The centerpiece is the Pinehurst Resort, featuring nine numbered courses including the famed No. 2, which will host its fourth U.S. Open in June 2024. (A 10th layout, designed by esteemed course architect Tom Doak, is under construction.) Equally fun, and much quicker to play, are the resort’s Thistle Dhu Putting Course and the Cradle Short Course. 

Want even more golf? Nearby Pine Needles Lodge & Golf Club and Southern Pines Golf Club both offer championship-caliber courses. And the United States Golf Association is building a new campus in Pinehurst that will include the revamped Hall of Fame and is set to open in 2024.  

Off-course: The charming Village of Pinehurst, a National Historic Landmark since 1996, is a walker’s delight with boutique shops and restaurants. A short drive away is Southern Pines, where you’ll find a growing collection of restaurants, breweries, wine bars and pubs with live music. Sandhills Community College’s Center for Personal Enrichment can help you feed your mind or pursue new passions with a host of affordable classes. Charlotte, Raleigh and Atlantic Ocean beaches are within a two-hour drive to the west, north and east, respectively. 

Pinehurst facts

  • Population: 16,050
  • Median income: $78,317
  • Median home value: $338,900
  • Median monthly housing cost: $1,133
  • Median housing cost burden: 15.4 percent of income
spinner image Harbour Town Golf Links, Hilton Head, SC
Harbour Town Golf Links, Hilton Head, SC
The Sea Pines Resort/Rob Tipton

Hilton Head Island, South Carolina

Fittingly advertised as “The Golf Island,” this ever-popular resort sports nearly two dozen public and private courses scattered across 42 square miles of marshland and maritime forest. Bluffton and other easy-to-access towns on the mainland more than double the playing field of Lowcountry layouts (and offer considerably cheaper housing).

Hilton Head’s crown jewel is Harbour Town Golf Links, where the PGA Tour’s best tee it up each April for the RBC Heritage. One of three courses at the Sea Pines Resort (alongside Atlantic Dunes and Heron Point), Harbour Town is known for its iconic, candy-cane-striped lighthouse behind the 18th green, and its clubhouse is home to the Pete Dye Room, a museum dedicated to the life and work of the renowned course architect.

On the north end of the island are the semiprivate Oyster Reef Golf Club, highlighted by its par 3 sixth hole on the magnificent Port Royal Sound, and Bear Creek Golf Club, an Audubon-certified track that weaves through the Carolina pines. For a bargain round, grab a tee time at Hilton Head National in Bluffton — its pure landscape and affordable greens fee will make you a repeat customer.

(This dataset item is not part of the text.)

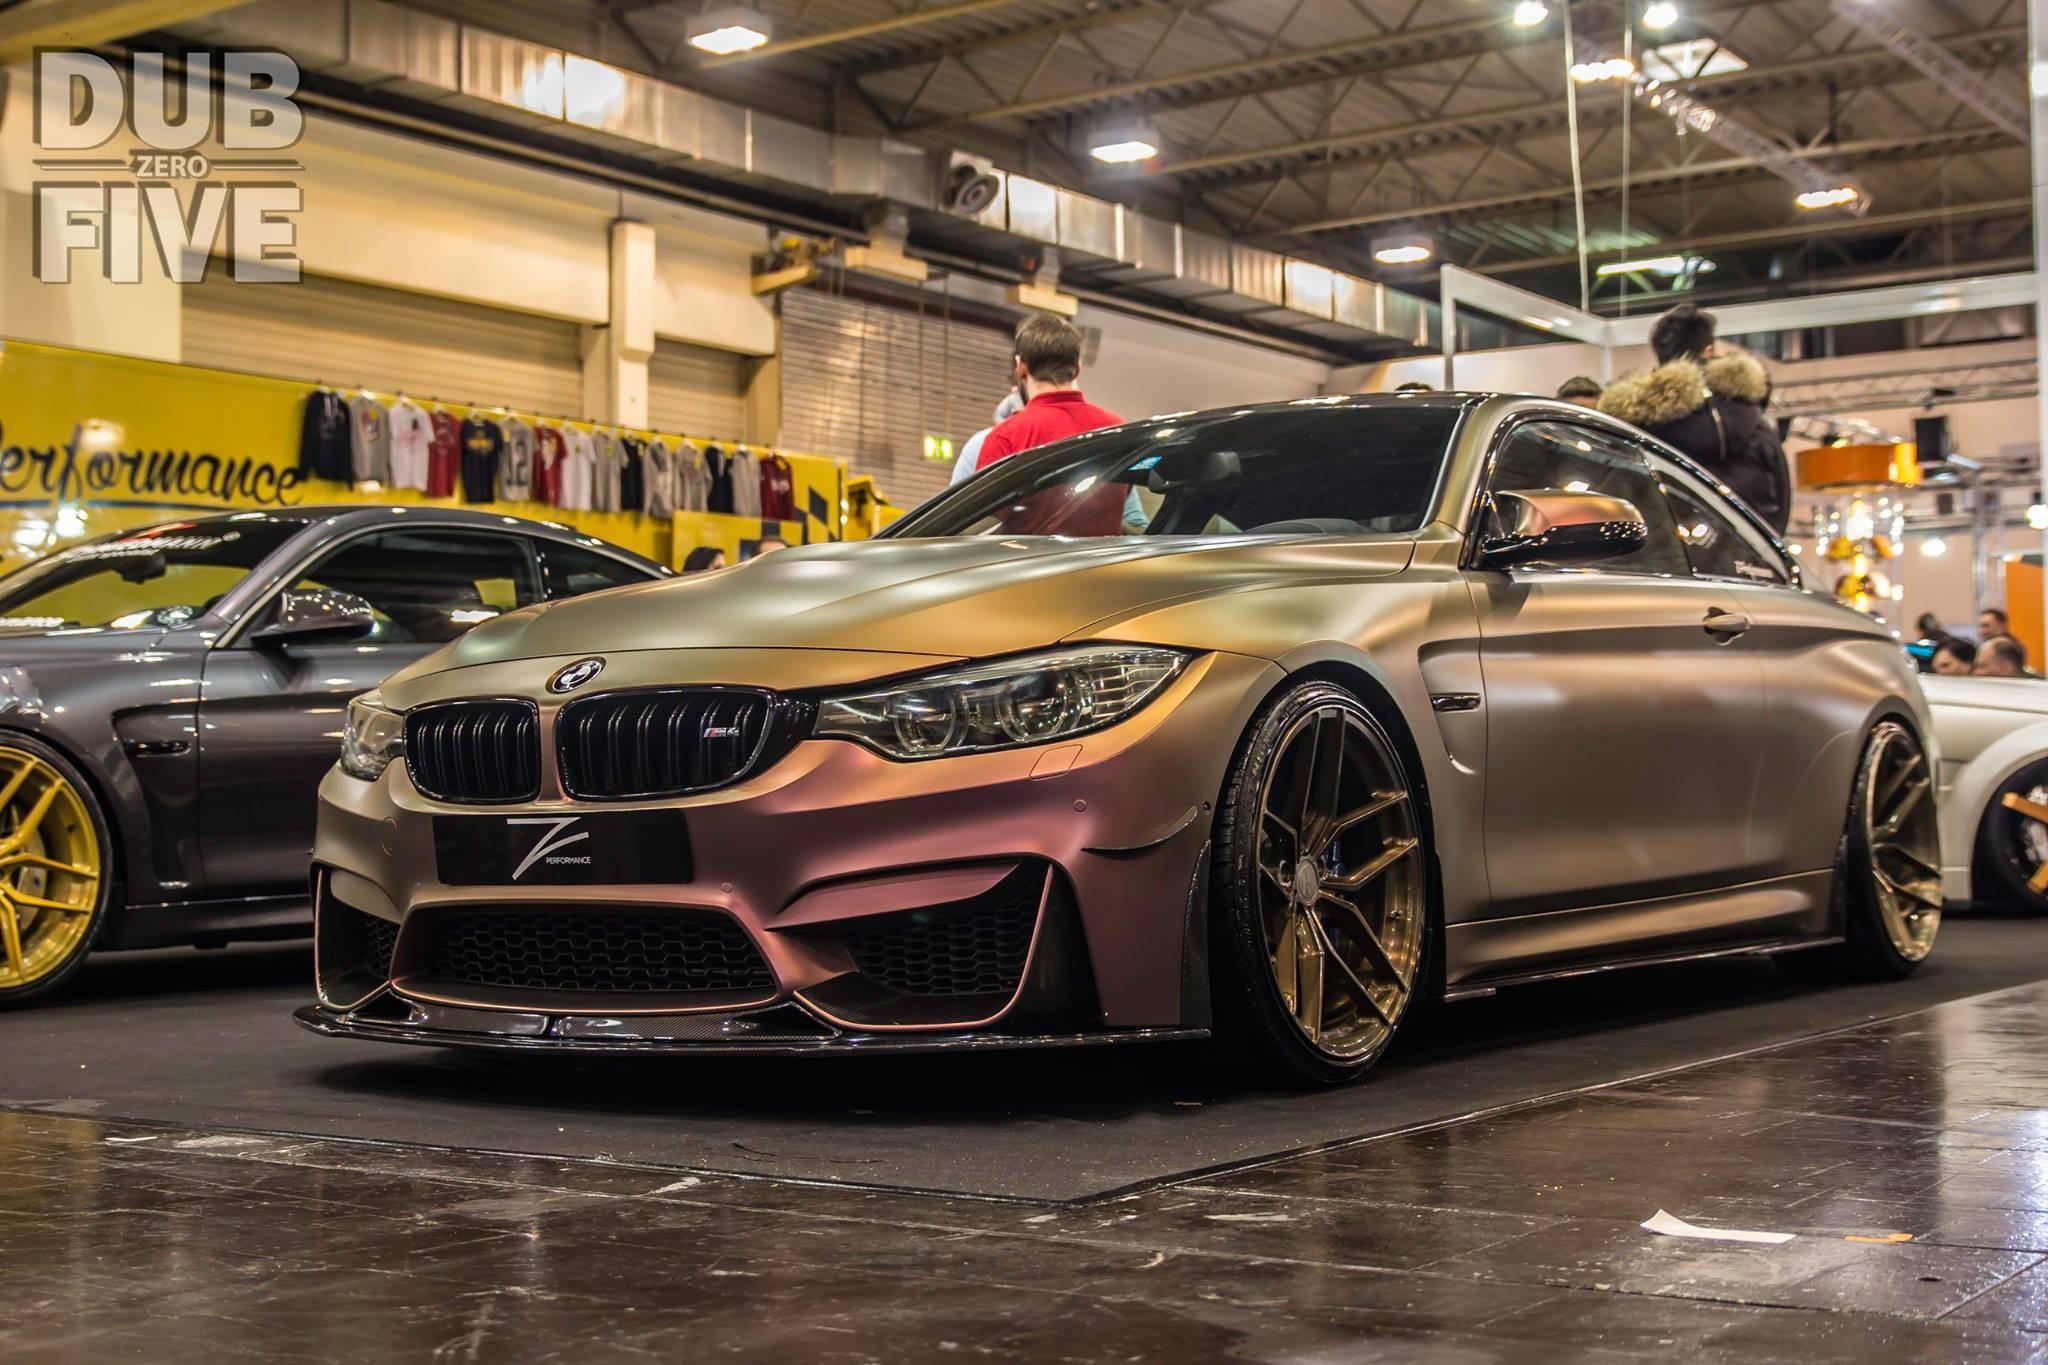 Essen Motor Show 2015 Highlights - GTspirit

Off-course: Hilton Head’s subtropical climate, 12 miles of white-sand beaches and unspoiled Lowcountry scenery make it a haven for tennis, cycling, hiking, fishing and boating. Miles of nature trails (as well as alligators and seabirds) await at the Sea Pines Forest Preserve, a protected 605-acre habitat home to a 4,000-year-old Native American shell ring. The annual Hilton Head Island Gullah Celebration showcases the island’s rich African American cultural heritage. State residents ages 60-plus can enroll for free classes at the University of South Carolina.

Hilton Head facts

  • Population: 40,007
  • Median income: $88,560
  • Median home value: $520,700
  • Median monthly housing cost: $1,472
  • Median housing cost burden: 21.7 percent of income

Destin, Florida

Central and South Florida’s golf menu might serve a heartier selection of world-class courses, but the ribbon-thin peninsula along the Panhandle’s Emerald Coast offers a smorgasbord of top-value fairways and greens beloved by links-loving retirees.

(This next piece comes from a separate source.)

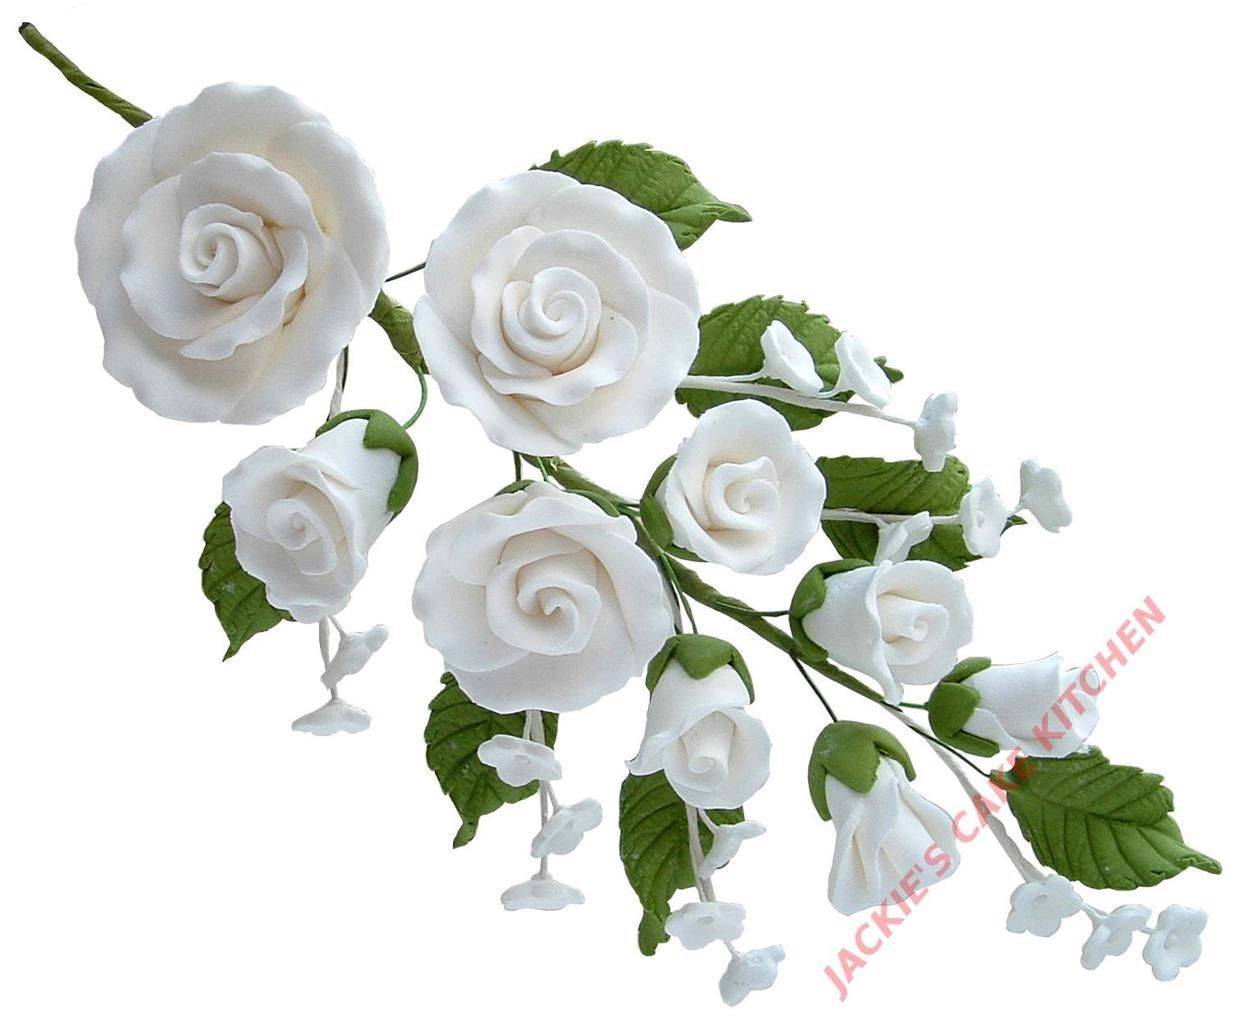 Large Medium Small Xs Sugar Rose Spray Bouquet Wedding Cake Topper

Start your buffet at the sprawling 2,400-acre Sandestin Golf and Beach Resort in Miramar Beach, a four-course, 30-neighborhood golf community with both Gulf of Mexico and Choctawhatchee Bay frontage. Three of the courses are public (but membership provides unlimited play): The Links features five holes on the bay, Baytowne dazzles with views and (rare for the Sunshine State) elevation, and Raven hosted the PGA Champions Tour in 2006 and ’07.

Closer to downtown Destin, Kelly Plantation Golf Club, a Fred Couples-designed gem, is fun and challenging, providing one of the best bang-for-your-buck rounds on the Emerald Coast. Up the road, the recently renovated Regatta Bay Golf & Yacht Club winds through wetlands before finishing at the beautiful 18th hole, a risk-reward par 5.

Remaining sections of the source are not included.